I feel the code is much easier to read. I like the way my config is written in Method Chaining style. Although Method Chaining is a very subjective coding style, see the discussion in Stack Overflow. I feel it fits very well in configuration, so the code is more readable. It looks like a DSL for security configuration, and it matches old http namespace XML code.

One caveat I found: for any hasRole(role) method call, the passing parameter role string will be the name of the role without ROLE_ prefix. For example, admin user authority is ROLE_ADMIN, and in security.xml, we protect admin pages by using <intercept-url pattern="/admin/**" access="hasRole('ROLE_ADMIN')"/>. But in our Java config, we use .antMatchers("/admin/**").hasRole("ADMIN").

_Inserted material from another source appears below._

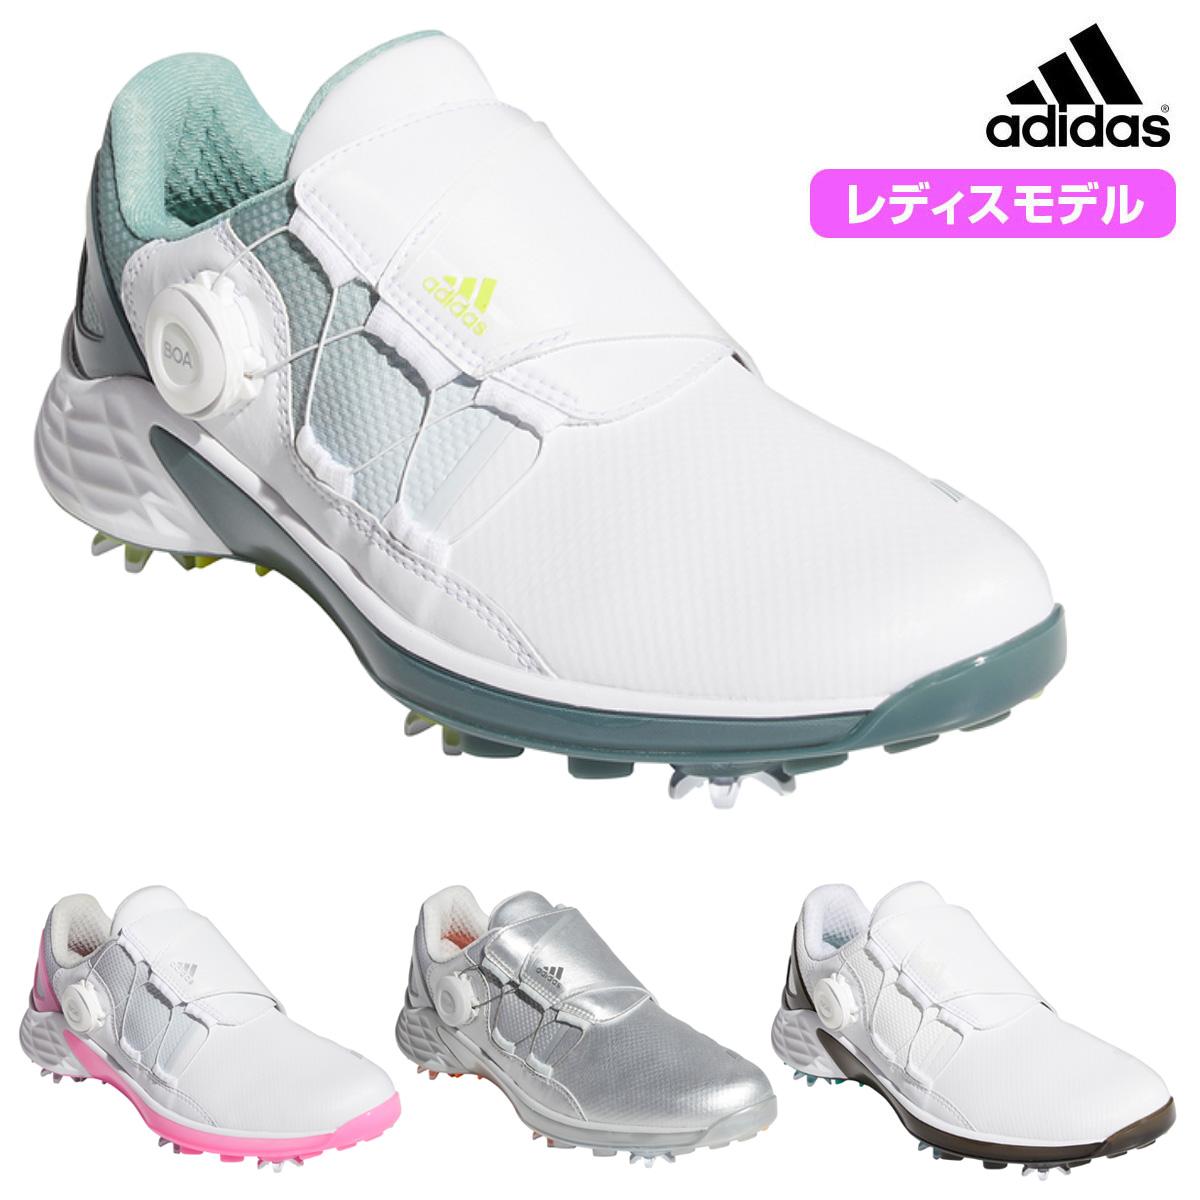 妥協ZERO全てを叶えたこの軽さ adidas Golf アディダスゴルフ 交換無料 日本正規品 ウィメンズ 2021新製品 あす楽対応 ZG21 超歓迎された ゼットジー21ボア ソフトスパイクゴルフシューズ KZI19

Another important feature of Spring Security is HTTP/HTTPS Channel Security. It seems very easy to set it in my SecurityConfig according to the test code NamespaceHttpPortMappingsTests.groovy . I can just add three lines of code to secure the admin pages with HTTPS only access:

@Configuration
@EnableWebSecurity
@EnableGlobalMethodSecurity(prePostEnabled=true)
public class SecurityConfig extends WebSecurityConfigurerAdapter {
...
	@Override
	protected void configure(HttpConfigurator http) throws Exception {
        http
	        .authenticationEntryPoint(socialAuthenticationEntryPoint())
	        .addFilterBefore(socialAuthenticationFilter(), AbstractPreAuthenticatedProcessingFilter.class)
	        .logout()
	            .deleteCookies("JSESSIONID")
	            .logoutUrl("/signout")
	            .logoutSuccessUrl("/")
	            .permitAll()
	            .and()
	        .rememberMe()
	        	.rememberMeServices(rememberMeServices())
	        	.add()
	        .requiresChannel()
                .antMatchers("/signin","/admin/**").requiresSecure()
                .antMatchers("/**").requiresInsecure();
	}
...
}

Since Cloud Foundry has issues with HTTPS, I cannot test it with my demo website on CloudFoundry.com. From the CloudFoundry.com support forum discussion Is it possible to visit my application via SSL (HTTPS)?:

Cloud Foundry is currently implemented to terminate SSL connections at the router, and all internal communication is unencrypted HTTP.

So I will test secure channel config after I upgrade my AppFog account.